I have started many a session on inclusion with a picture of the concrete chair by Stefan Zwicky with the title ‘Are you sitting uncomfortably’… I am often told by people who I work with that they lack confidence to work to be more inclusive through fear of getting it wrong. Now I appreciate that there are some behaviours (e.g. #AskDontGrab) and language that must be avoided (we’ll explore these on the blog next week). However, beyond that your confidence will come in time and the majority of people will be grateful you are trying to be more inclusive.

‘Concrete Chair’ by Stefan Zwicky

However, the really important step is being willing to both acknowledge and step outside your comfort zone. If books are your thing, I would highly recommend ‘Blindspot: Hidden Biases of Good People’ by Banaji & Greenwald as an initial read. An important takeaway lesson is that how we view other people is heavily influenced by our experiences and the information we receive as we grow up. Rather than clumsily trying to explain this here, instead I will embed a short CBeebies film that will do a much better job…

You may be aware that last week, 13th – 19th November was Trans Awareness Week and this culminated on Friday 20th with Trans Awareness Day. As an inclusion professional I am comfortable admitting that this is the area where I feel the least amount of confidence and have the greatest amount of learning to do. My son has a child in his class who is non-binary and I feel that it is great that they feel able to declare and share this with classmates. We have a long way to go as a society and I often fret about the pronouns I use. It will take some adjustment but I am getting there and have now included them in my e-mail signature at work which has sparked a couple of other people to do the same. For me this feels like the start of my journey to become an effective trans ally.
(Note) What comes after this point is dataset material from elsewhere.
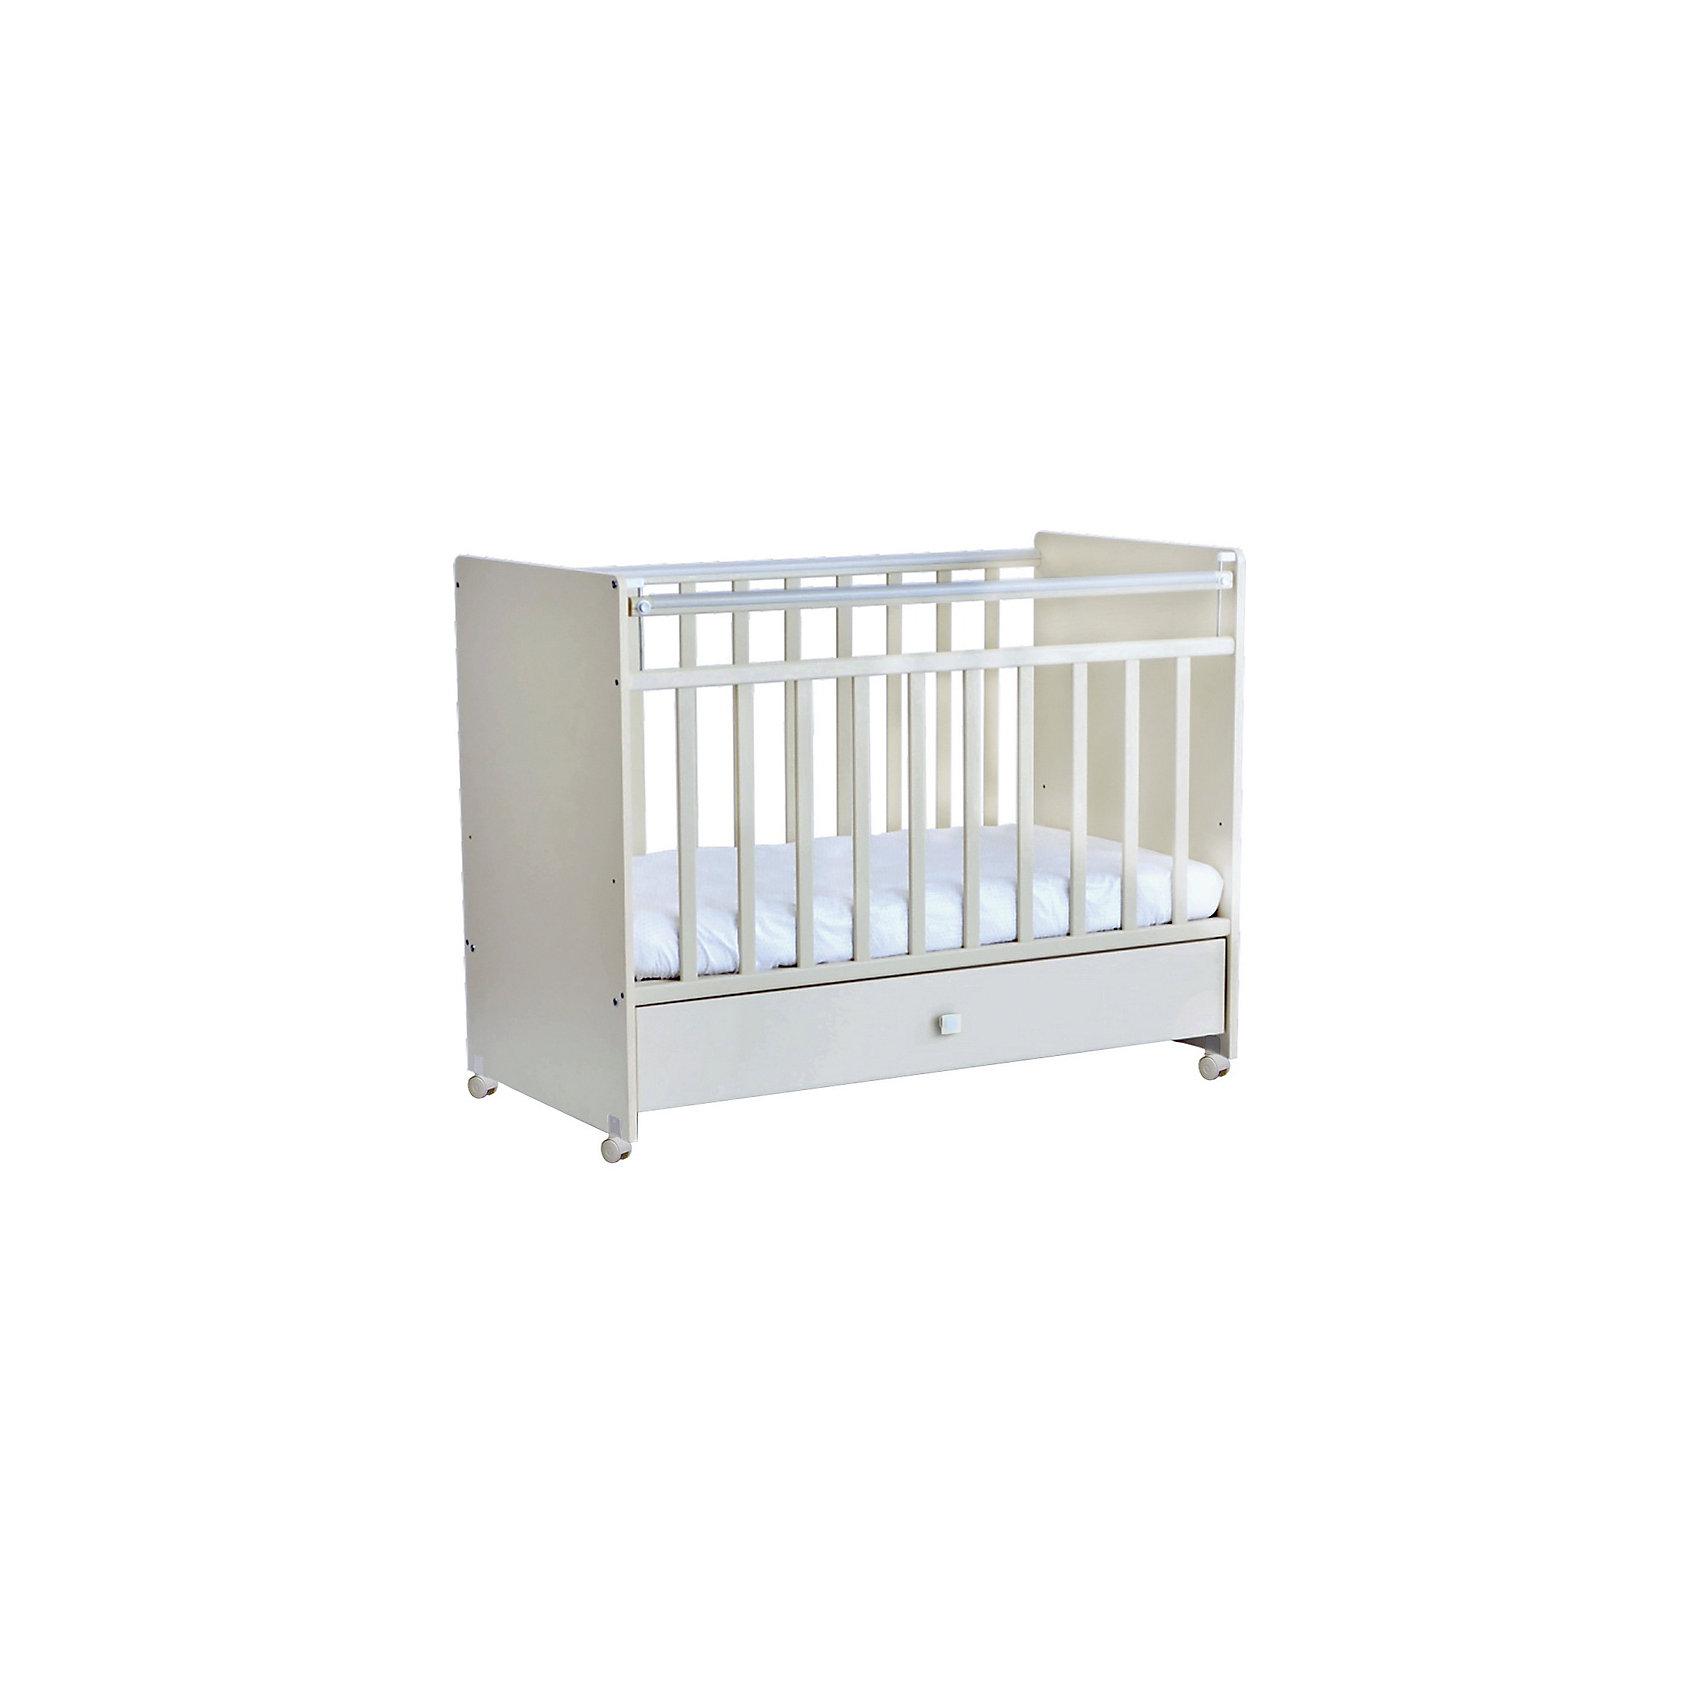 Кроватка 700, Фея, слоновая костьКроватки<br>Хорошая детская мебель всегда отличается от взрослой, так как производится с учетом потребностей малышей. Данная кроватка обеспечит удобство и ребенку и маме - она имеет удобный механизм опускания передней планки и колесики, с помощью которых кроватку можно перемещать.<br>В этой модели также есть удобный ящик и накладки ПВХ. Кроватка сделана из качественного дерева, покрытого лаком. Цвет - приятный и универсальный, подойдет практически для любого интерьера. Все материалы тщательно подобраны специалистами и безопасны для детей.<br><br>Дополнительная информация:<br><br>цвет: слоновая кость;<br>материал: дерево, лак;<br>передняя планка удобно опускается;<br>выдвижной ящик;<br>ложе имеет 2 положения;<br>колёсики;<br>накладки ПВХ;<br>ортопедической основание;<br>размер:  99,8 х 123,2 х 63,8 см ;<br>ложе: 60 на 120 см;<br>вес: 34,1 кг.<br><br>Кроватку 700 торговой марки Фея можно купить в нашем магазине.<br><br>Ширина мм: 998<br>Глубина мм: 1232<br>Высота мм: 638<br>Вес г: 24700<br>Возраст от месяцев: 0<br>Возраст до месяцев: 36<br>Пол: Унисекс<br>Возраст: Детский<br>SKU: 4873653

The purpose of this week’s blog is to say it is ok to not feel confident. It is positive to acknowledge the gaps in your awareness, appreciation and understanding. If you are committed to a path of self improvement to become more inclusive in your behaviours and actions then more power to your elbow! However, in doing so it can be all to easy to be hypercritical of yourself and for that reason I encourage you to embrace this poem ‘Autobiography in Five Short Chapters’ by Portia Nelson from the wonderfully titled “There’s a Hole in My Sidewalk: The Romance of Self-Discovery”.
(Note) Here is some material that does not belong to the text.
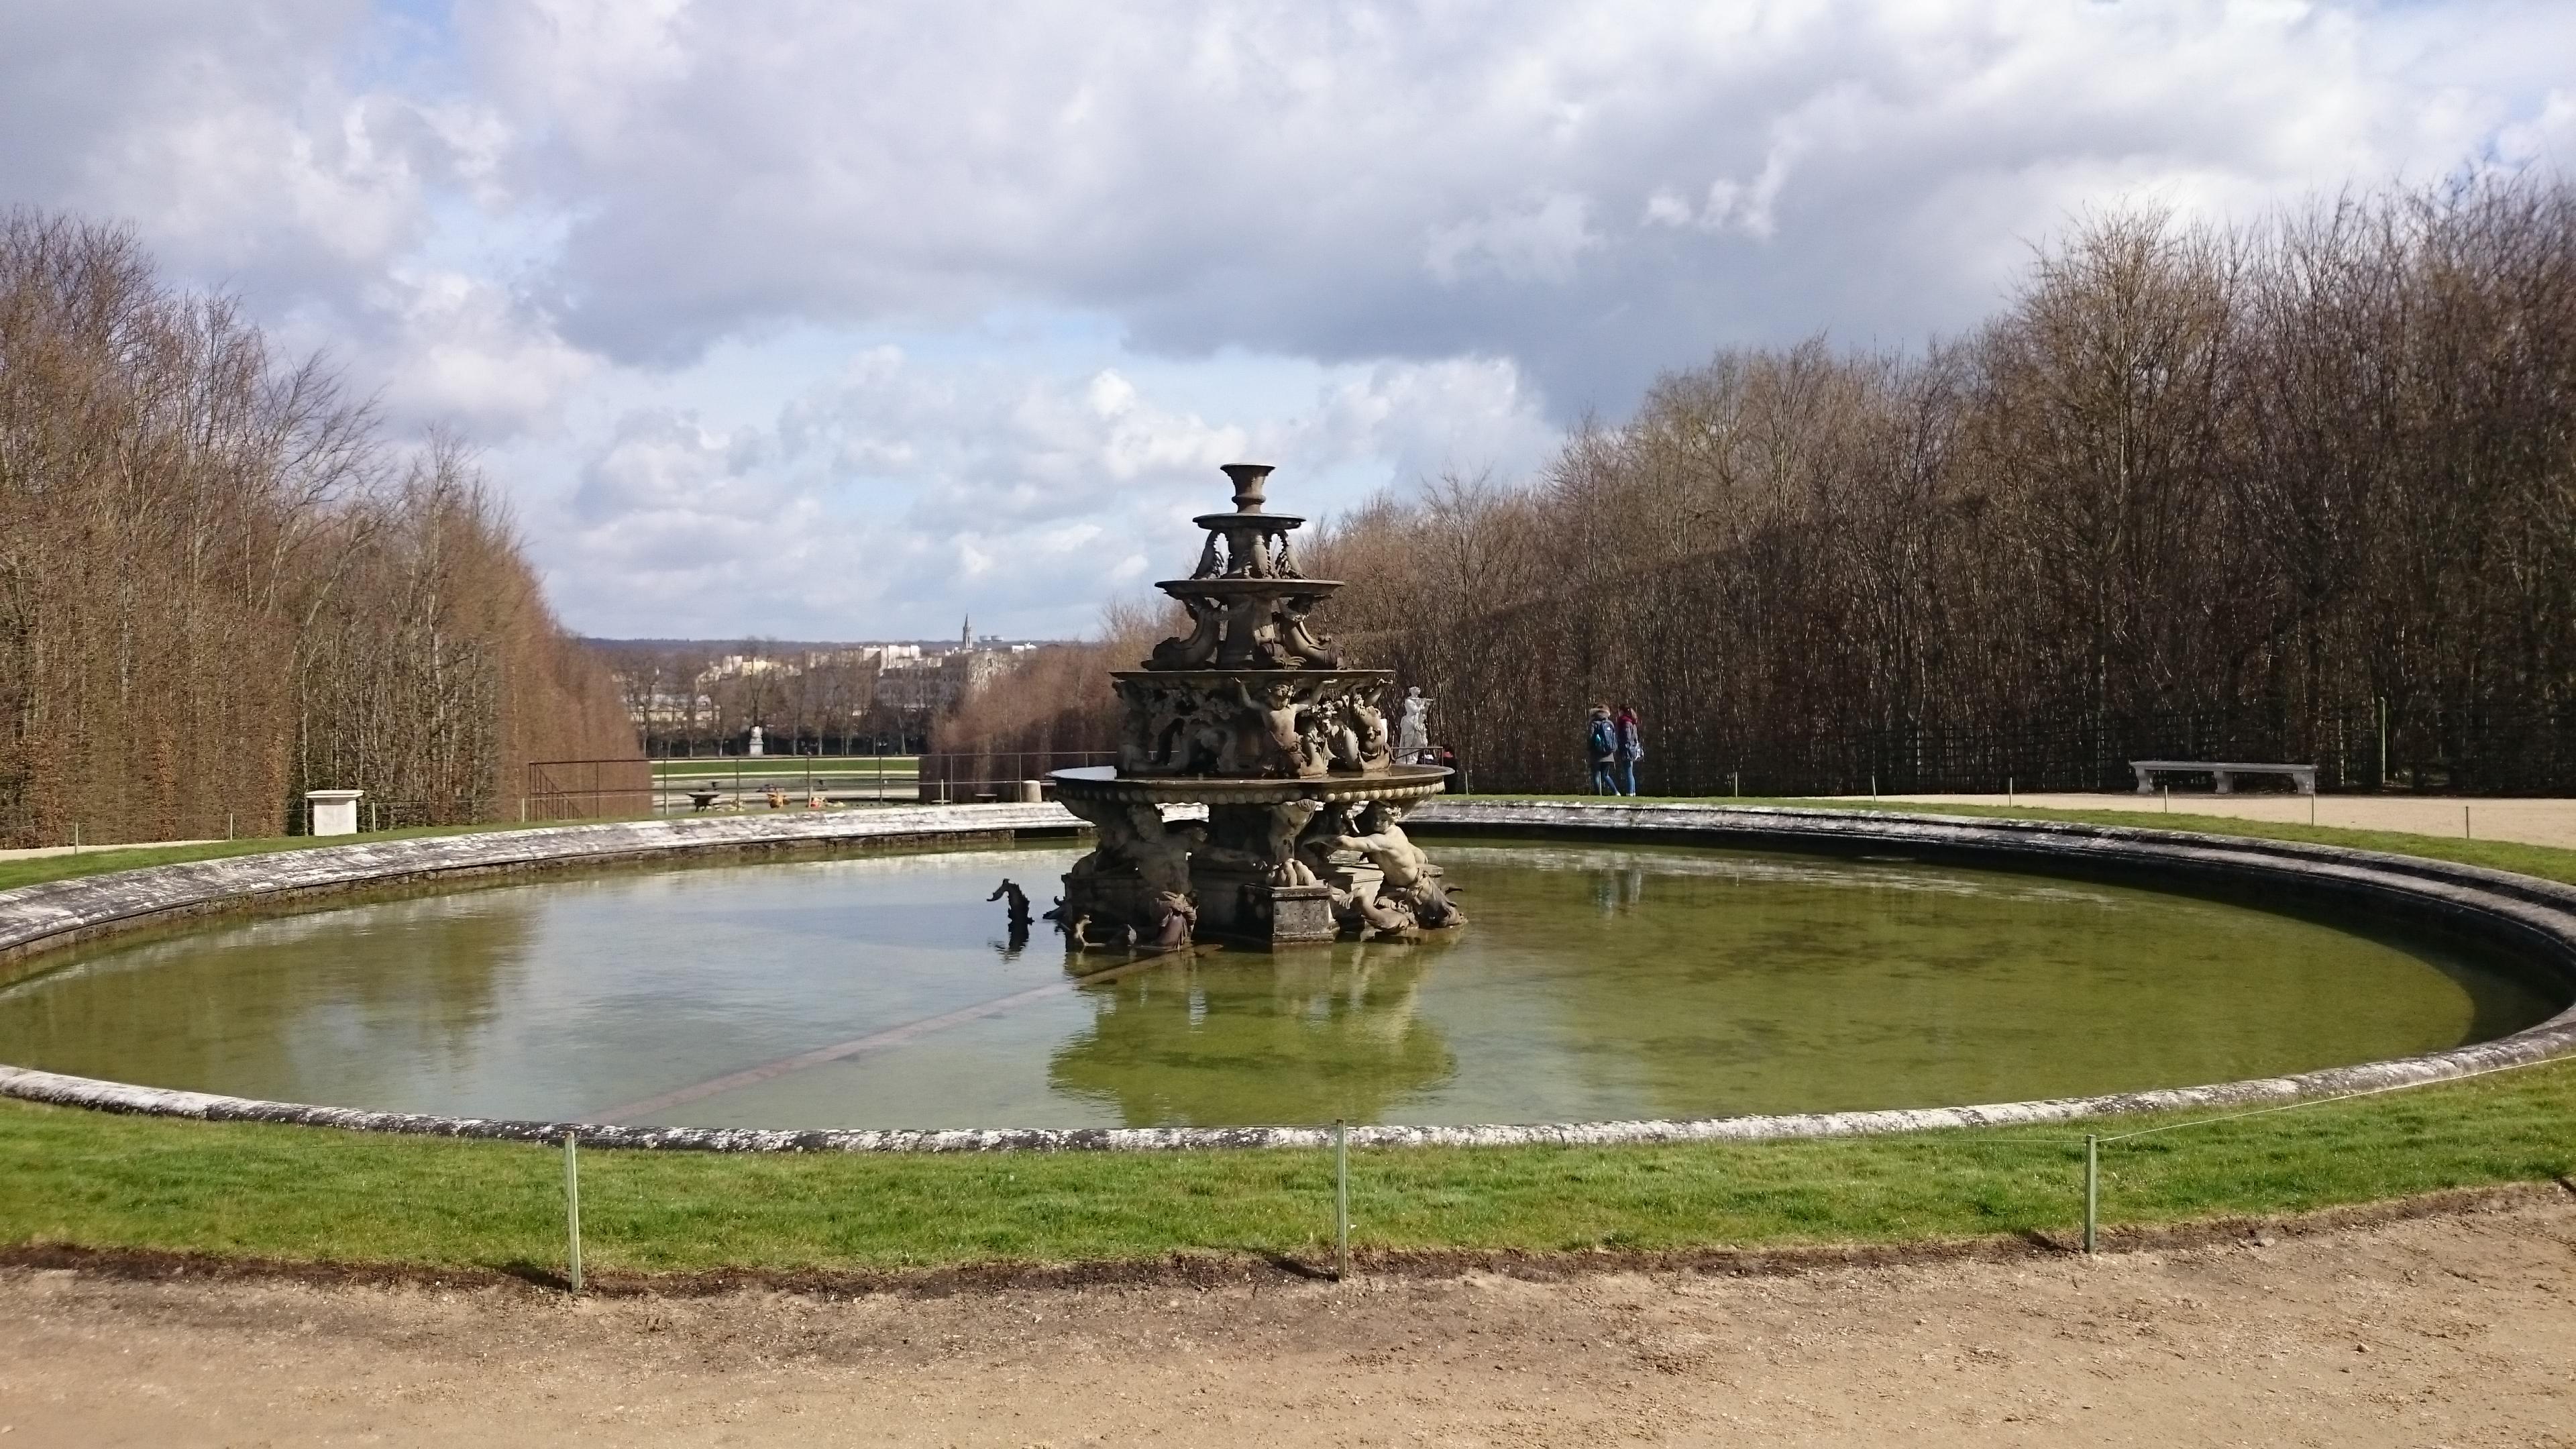 dsc 1155 copia - Visita al Palacio de Versalles: Como ir, cuanto cuesta y tips I/III

I would love to hear from you on your personal inclusion journeys and any films, clips, poems or books that have inspired your thinking and growth. Together we could build a wonderful library of resources and though it will take some effort #ImNotTired, are you?

2 thoughts on “Comfort zone

  1. Really thought provoking reflections, thanks for sharing your perspective and tips as it can feel like a daunting task to tackle all of our unconscious biases sometimes! The Cbeebies video was also a real eye opener (and very cute!) on how learned our behaviours around inclusion are.

    At RNID we are all using pronouns in out email signatures and are constantly aiming to be a more inclusive employer and volunteer involving organisation. It’s a journey, but definitely feels like positive steps in the right direction. Looking forward to reading more features from you in future.